Means plot with 95 % Tukey HSD confidence intervals for parameter K.

Fig. 5.
figure 5

Means plot with 95 % Tukey HSD confidence intervals for parameter \(\lambda \).

Fig. 6.
figure 6

Interactions with 95 % Tukey HSD confidence intervals between K and \(\lambda \).

Fig. 7.
figure 7

Means plot with 95 % Tukey HSD confidence intervals for parameter \(\omega \).

By setting the three parameters as 12, 10 and 0.6, MEFT is compared with ABTS. Instances with different size (\(n\in \{10,20,50,100,200\}\)) and different discount value (\(discount\in \{0.4,0.5,0.6,0.7,0.8\}\)) are randomly generated. The means plot with 95 % Tukey HSD confidence intervals of the compared algorithms with different instance sizes is shown in Fig. 8. Figure 8 illustrates that MEFT is better than ABTS on all instances.
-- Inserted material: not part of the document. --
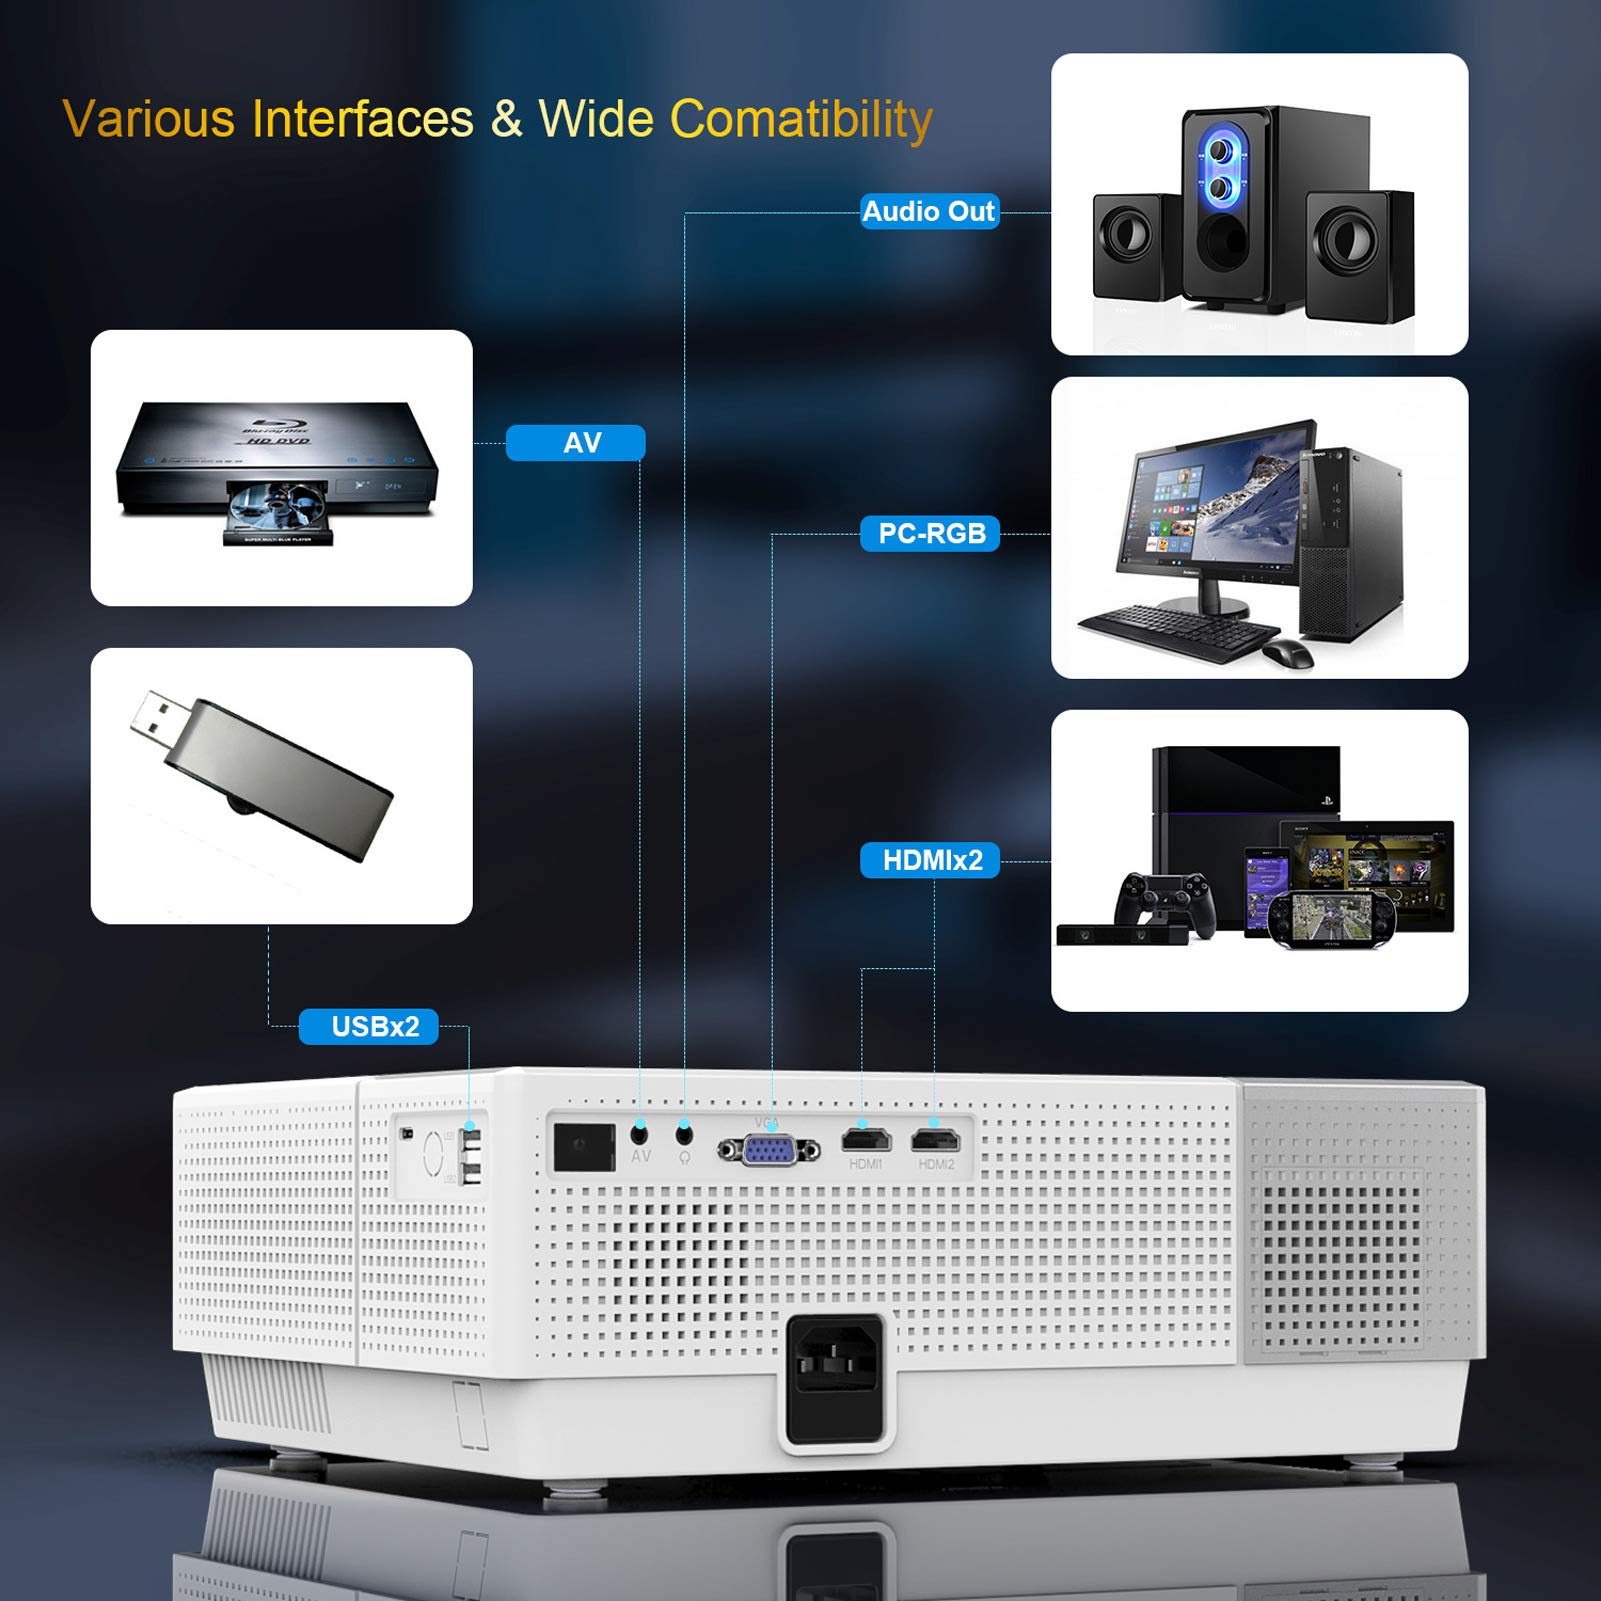 YABER Y31 Native 1920x 1080P Projector 7200 Lux Upgrade Full HD Video Projector, ±50° 4D Keystone Correction Support 4K, LCD LED Home Theater Projector Compatible with Phone,PC,TV Box,PS4

When \(n=10\), the RPD difference between MEFT and ABTS is 15.2 %. However, the difference becomes smaller with the increase of n, e.g., the difference is about 4.5 % when \(n=200\). The comparison results of the two algorithms with different discount values are shown in Fig. 9. MEFT outperforms ABTS for all discount values. Smaller discount implies better the performance of MEFT. When the discount becomes bigger, the superiority of MEFT becomes less significant.

Fig. 8.
figure 8

Comparison result of the two algorithms with different instance size.

Fig. 9.
figure 9

Comparison result of the two algorithms with different discount values.

6 Conclusion and Future Work

In this paper, the resource renting problem for workflow applications with hybrid resource provisioning was considered, which is closer to real cloud computing scenarios. Based on both long-term reservation and short-term on-demand resource renting manners, a mathematic model was established. A new heuristic MEFT was proposed and compared with the adapted BTS. Experimental results showed that MEFT outperforms ABTS when the scale of instances and the discount are not big. The differences between MEFT and ABTS become smaller with the increase of the scale of instances and discount.

Scheduling problems with multiple types of virtual machines in the cloud will be studied. More real scenarios including data locality and data transfer time between virtual machines are also worth considering.